A longues enjambées, celui-ci lui fait traverser le couloir dallé, et ils émergent dans la pièce suivante, tel un couple extravagant et insolite, gigantesque colosse camouflé et minuscule bambin apeuré.
Les bruits distants n'étaient point ceux de la ville, mais ceux de la bacchanale qui semble se tenir dans l'antichambre qu'ils viennent d'atteindre. Hommes et femmes sont nus, leurs corps dévastés par les affres de la débauche qu'ils subissent depuis des nuits, vautrés dans la nourriture et la fange. L'enfant se met à pleurer devant le spectacle de dépravation, les êtres entassés lubriquement dans l'orgie, l'odeur du vice agressant ses narines, les cris et les râles érotiques assaillant ses oreilles.

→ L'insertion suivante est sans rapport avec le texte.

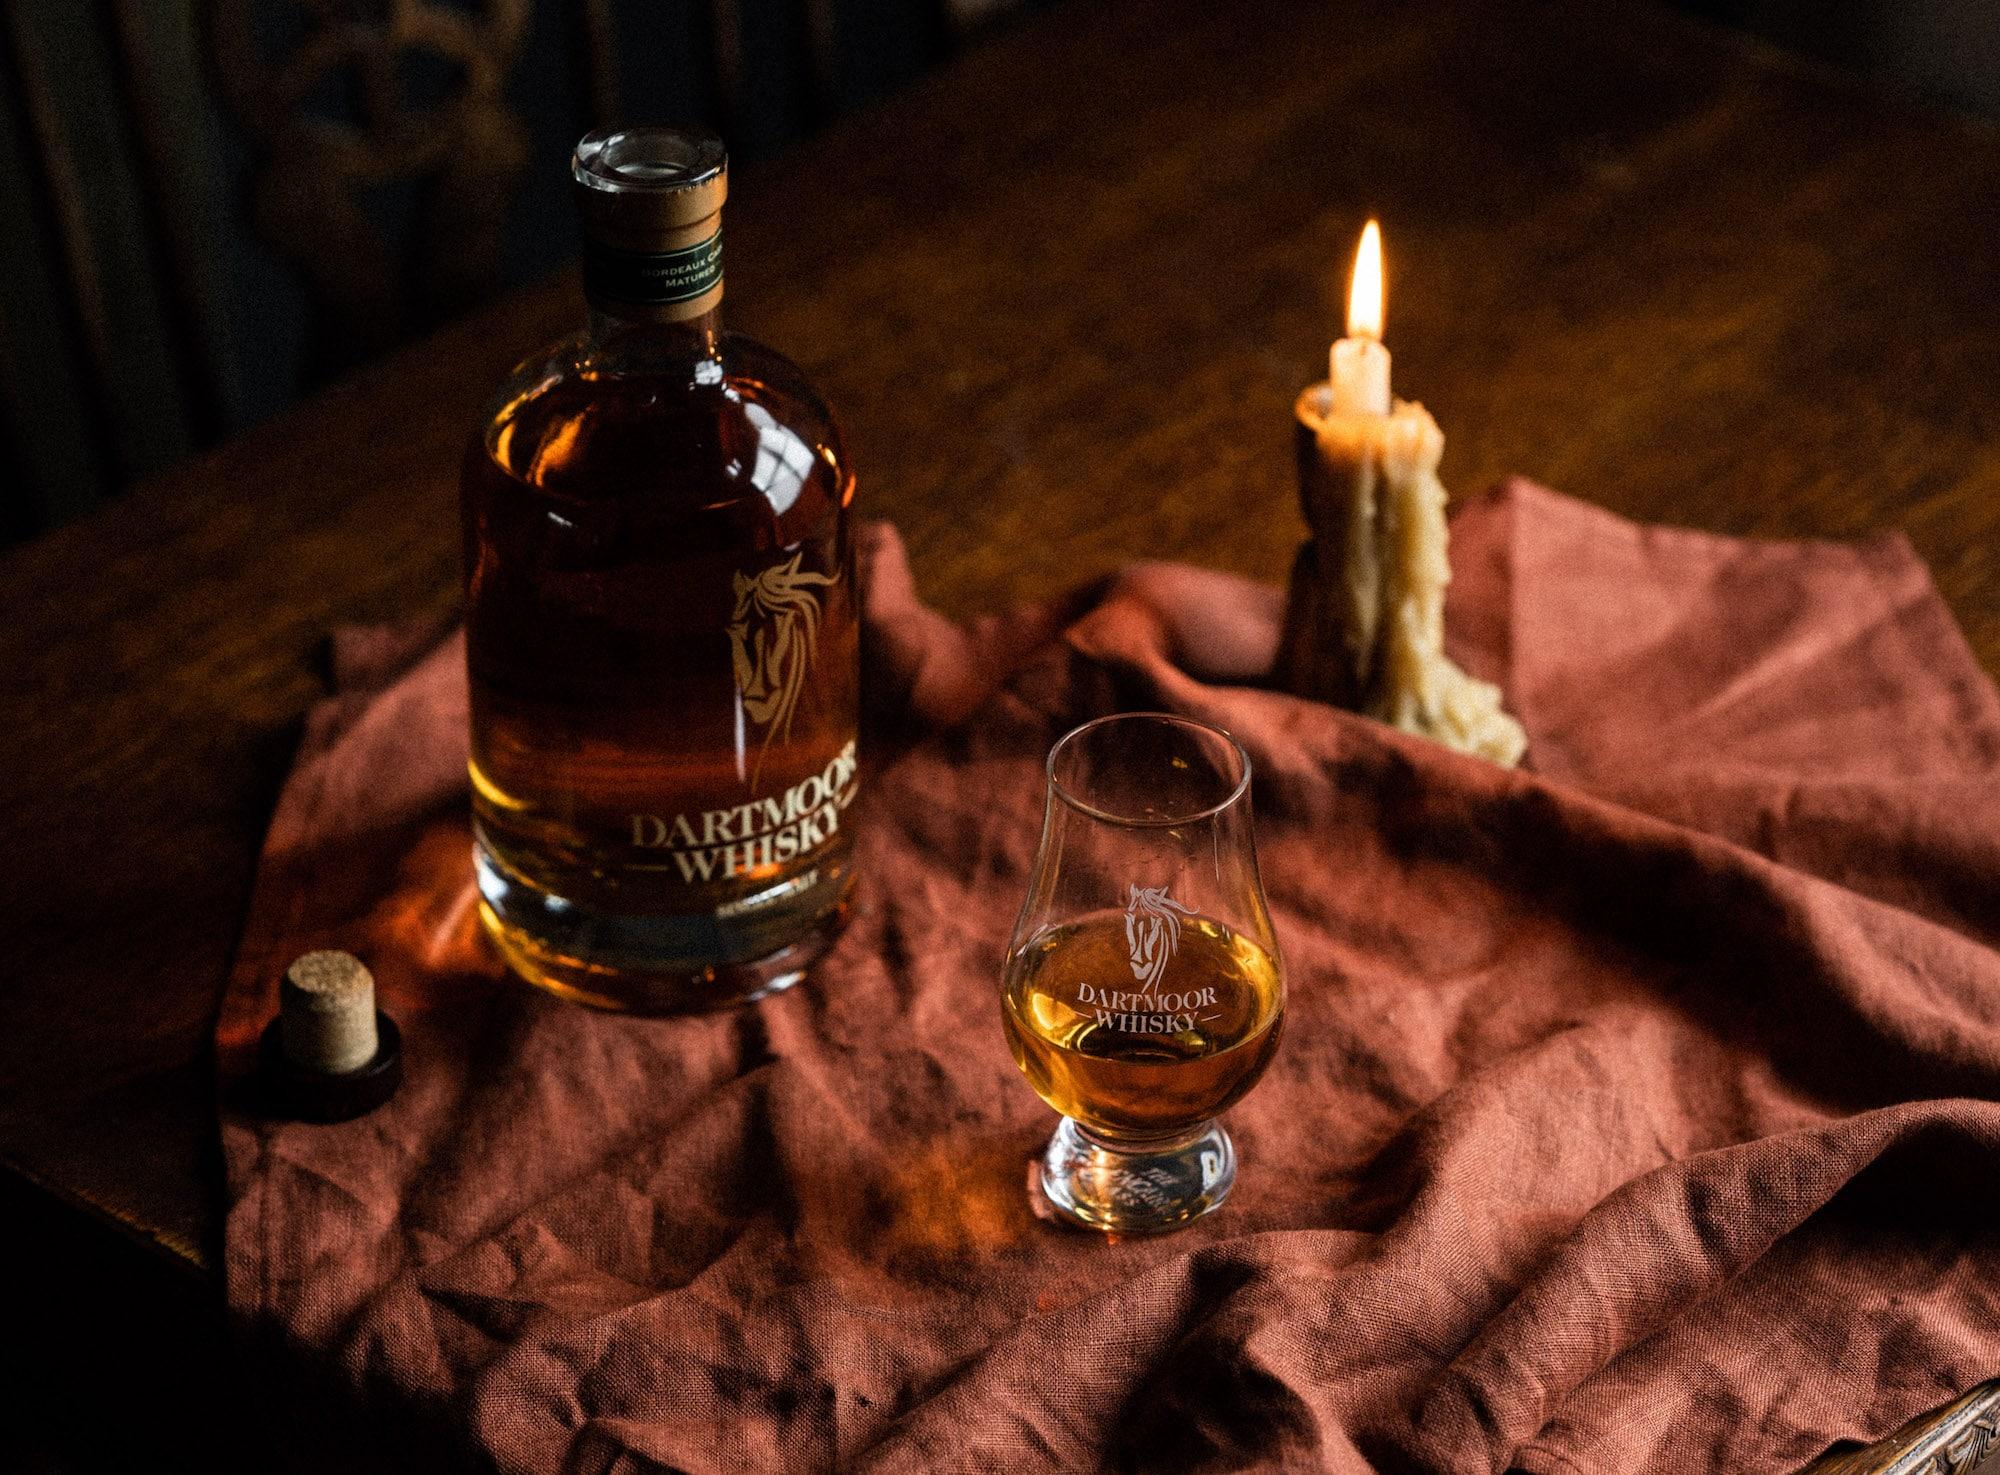 Dartmoor Whisky Good Things Take time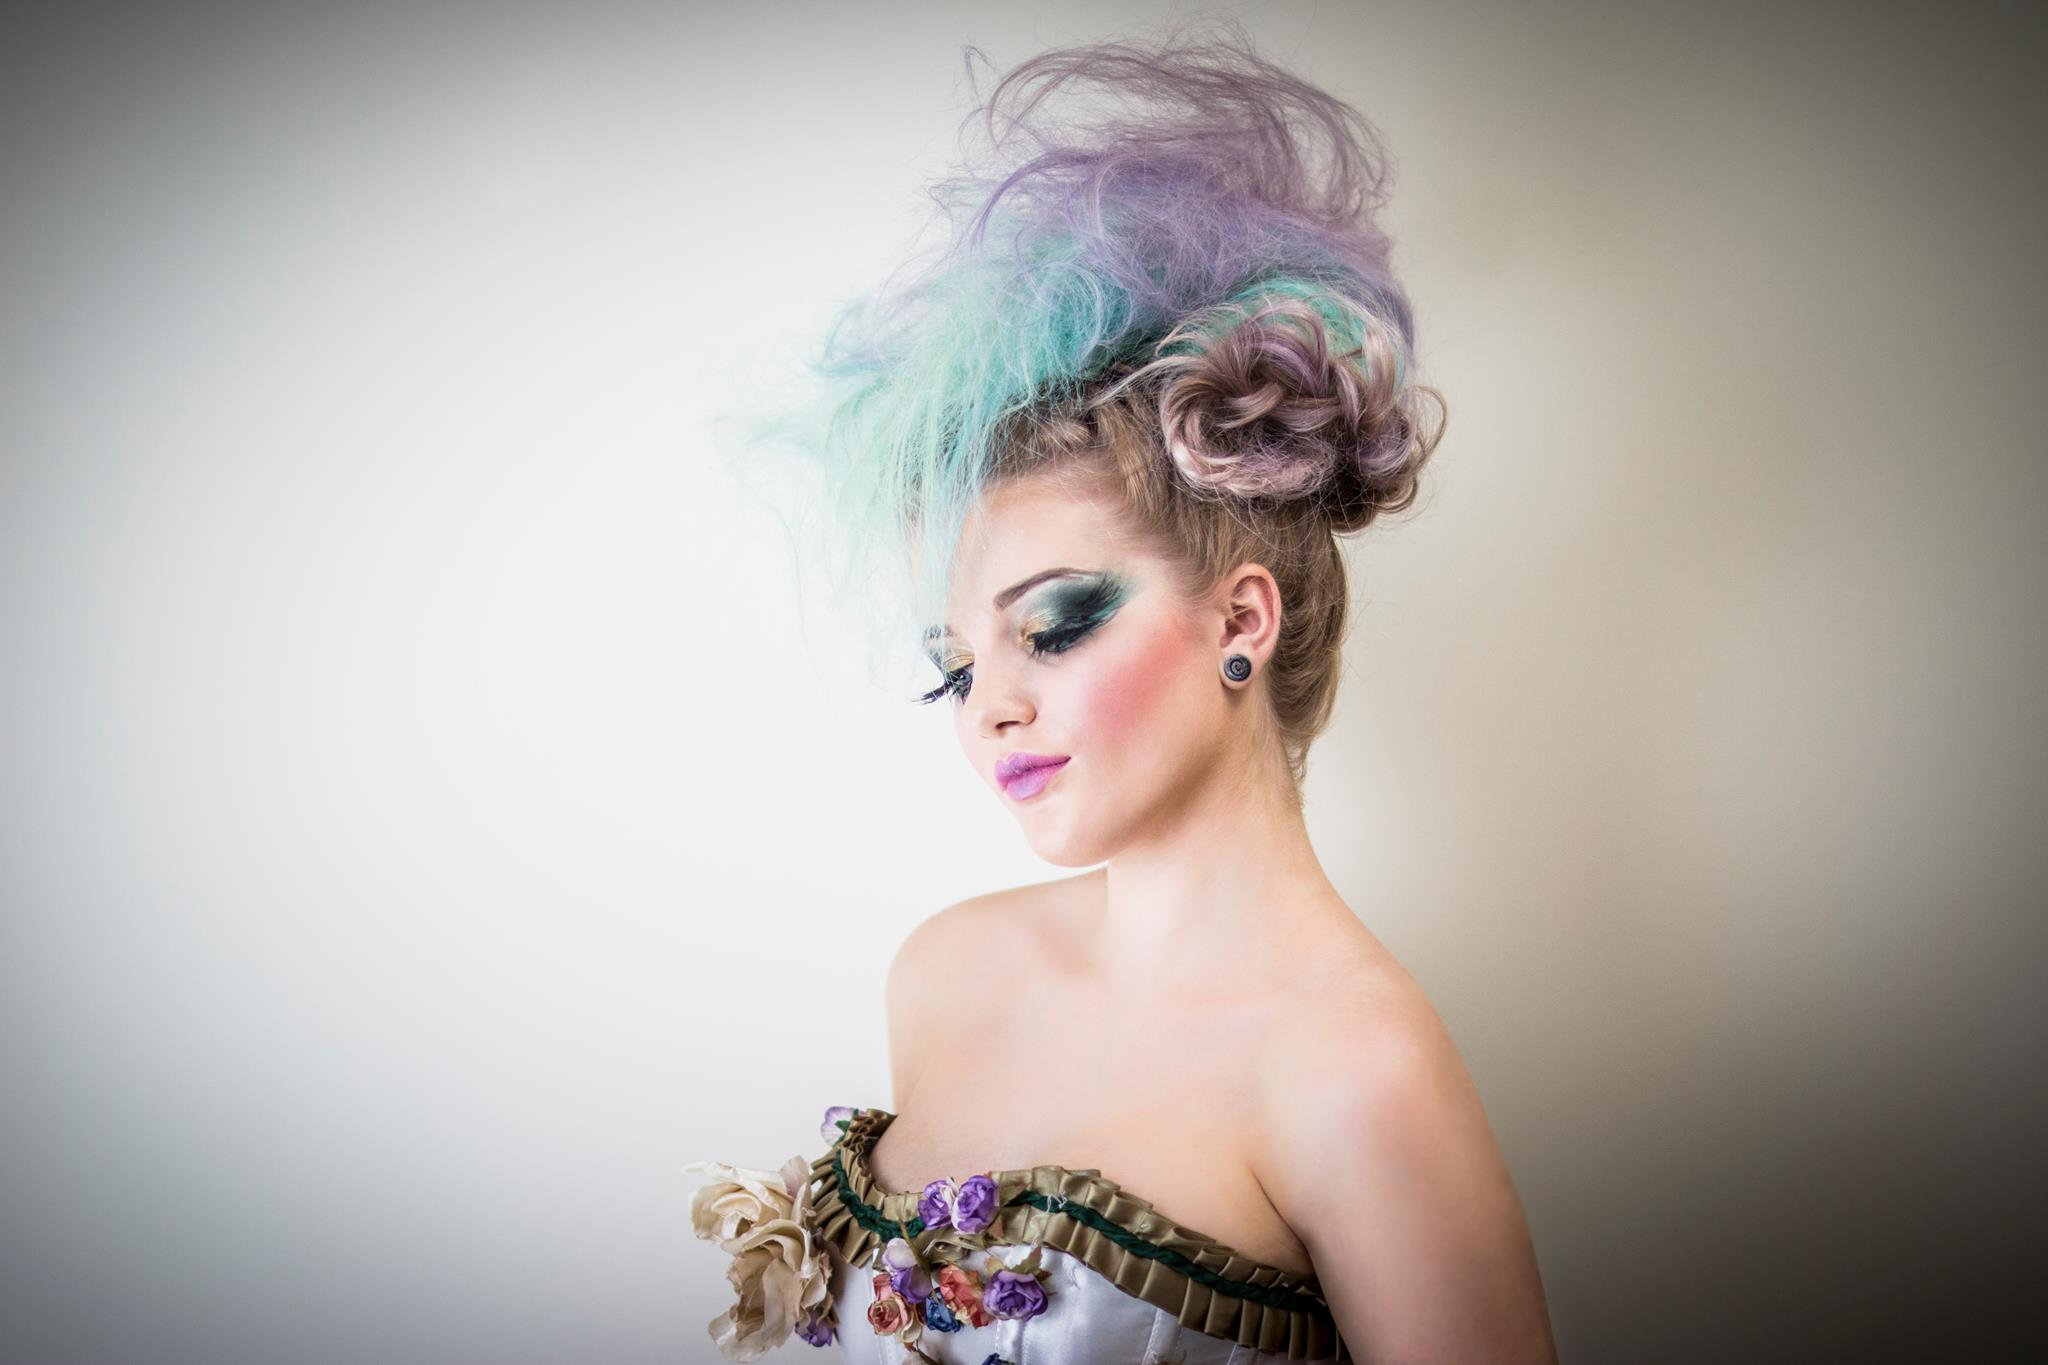 Pili_pala_shelley_pengilly_Jessica_verity_shelleys_salon_Bridgend_Aberkenfig_Hairdressers_Hair_Stylists

Mais à nouveau, le géant se met en route, traînant désormais Daenn par le bras, tandis qu'elle sanglote et se cache désespérément le visage de sa main libre, barbouillée de larmes et de poussière.
Ils pénètrent finalement à pas lents dans un gigantesque amphithéâtre taillé à même la pierre. De lourdes tentures écarlates couvrent les murs, et une myriade de cierges constelle l'assemblée. Toujours ces juges dissimulés qui paraissent vouloir décider de son sort. Au centre, un monstrueux brasier dont les flammes s'échappent à grandes lampées, disparaissant dans l'obscurité de la voûte.
Daenn reste hypnotisée par le feu, les larmes asséchées sur ses joues par la chaleur étouffante. A présent libérée, elle fait un pas, puis un autre, vers le brasero. Puis encore un autre
***
A genoux sur le sol de pierre, la femme prononce le nom de son amant.
« Da Daenn ? »
Une ombre passe sur le visage de l'homme, et celui-ci cligne un instant des yeux, regardant celle qu'il aime comme s'il la redécouvrait. Lentement, il l'aide à se relever, recouvrant son corps d'une étoffe de soie, ses gestes attendris guidés par mille précautions.
D'une main qui se veut rassurante, il la berce et caresse son visage. Mais la fébrilité cette nuit-là mettra des heures à le quitter.